Прихожая была пуста. Свечи на мраморном полу — в банках, в бутылках, просто в лужицах собственного воска — рисовали на стенах шевелящиеся тени. Я снял перчатки, сунул в карман. Правая ладонь сама легла на рукоять пистолета не вынимая, просто чтобы помнила, что он там.
Из гостиной доносился Бах. Виолончельная сюита 1 — Анна когда-то ставила её по воскресеньям, пока пекла свои провальные булочки с корицей. Булочки выходили каменными, но запах стоял на весь дом, и Эмили крутилась под ногами, выпрашивая тесто. Я заставил себя не додумывать эту мысль. Сейчас нужны глаза и уши, а не память.
Гостиная оказалась огромной — должно быть, до Смещения здесь жил кто-то, чьё имя печатали в деловых журналах. Высокий потолок терялся в темноте, и свечи не доставали до него, создавая ощущение, что стоишь не в комнате, а в пещере с рукотворным небом где-то наверху. Мебель вынесли или сожгли. Остался только рояль в углу — чёрный, с пожелтевшими клавишами, — и люди.

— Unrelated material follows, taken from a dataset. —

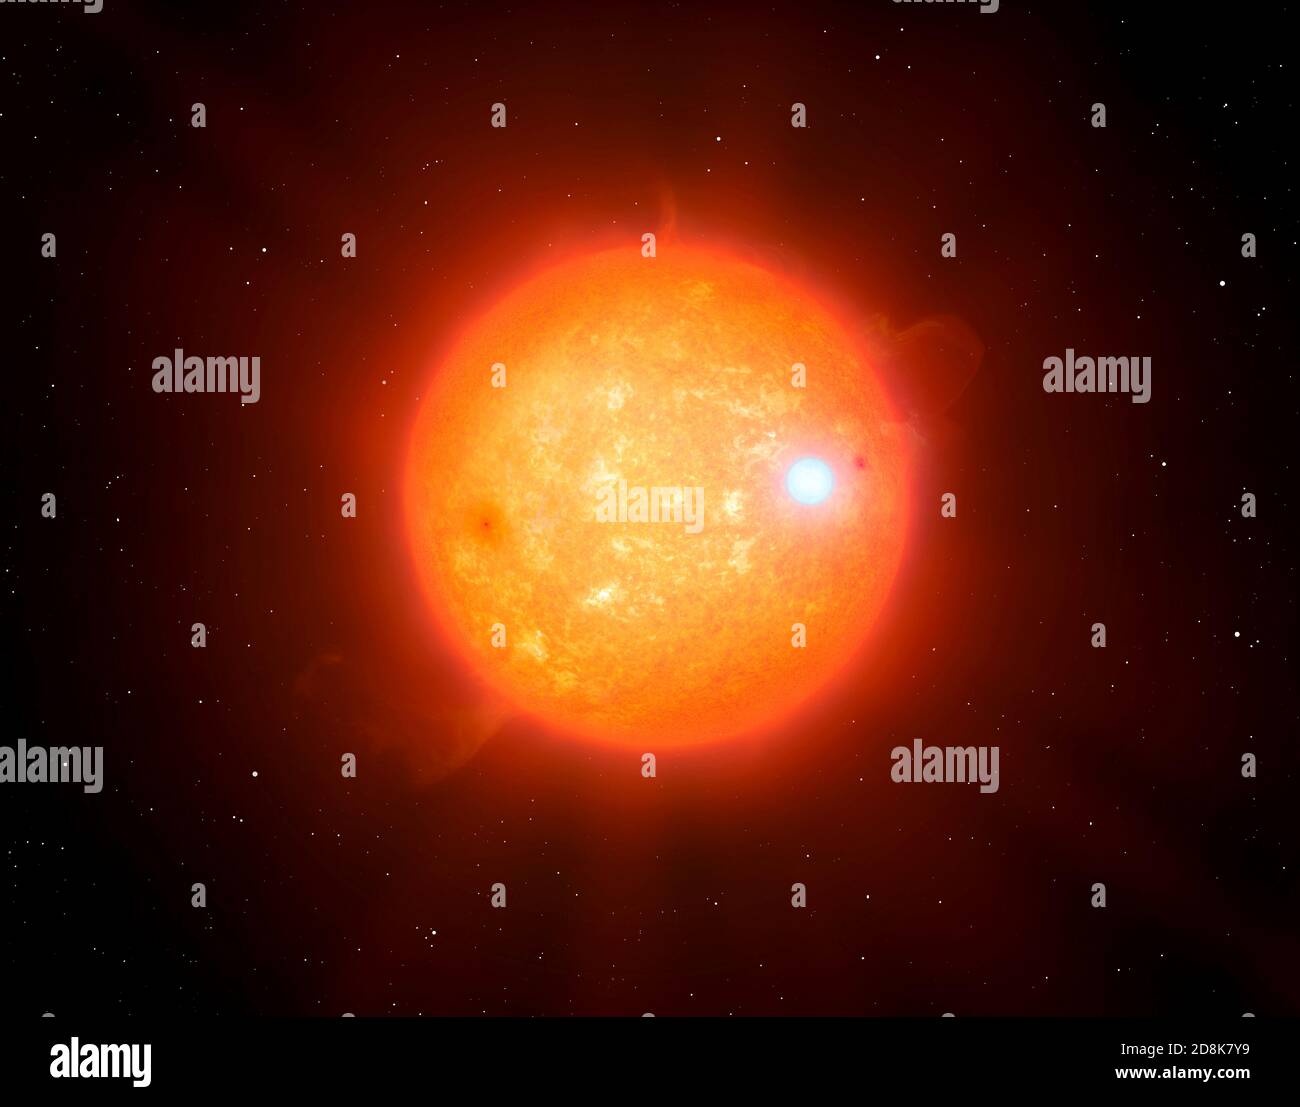 This illustration, commissioned for a press release by Sheffield University in the UK, shows the binary star system SDSS J2355+0448. It comprises a white dwarf orbiting an ultra-cool red dwarf star. Stock Photo

Их было около тридцати. Они сидели на полу, на подушках, на расстеленных одеялах, кто-то полулежал, привалившись спиной к стене. Не те к которым я привык за эти годы, — не тощие, с проваленными глазами, не трясущиеся. Эти выглядели... обычно. Мужчина в свитере грубой вязки, женщина с короткой стрижкой и в серьгах — явно дорогих когда-то, теперь просто побрякушка. Пара подростков в углу, держатся за руки, глаза блестят не от наркотика пока, а от страха и предвкушения пополам. Семья — муж, жена, мальчик лет десяти. Мальчика я заметил сразу. Он не смотрел на сцену. Он смотрел на свечу перед собой, как будто видел там что-то, чего не видели остальные.
Никто не обернулся на меня. Музыка — Бах всё ещё звучал, из потрескивающего динамика на полу — держала их плотнее, чем любой наркотик. Или, может, они уже приняли первую дозу, ту, что расслабляет, но ещё не уводит. Я скользнул вдоль стены, находя позицию. Спина к роялю, лицом к залу.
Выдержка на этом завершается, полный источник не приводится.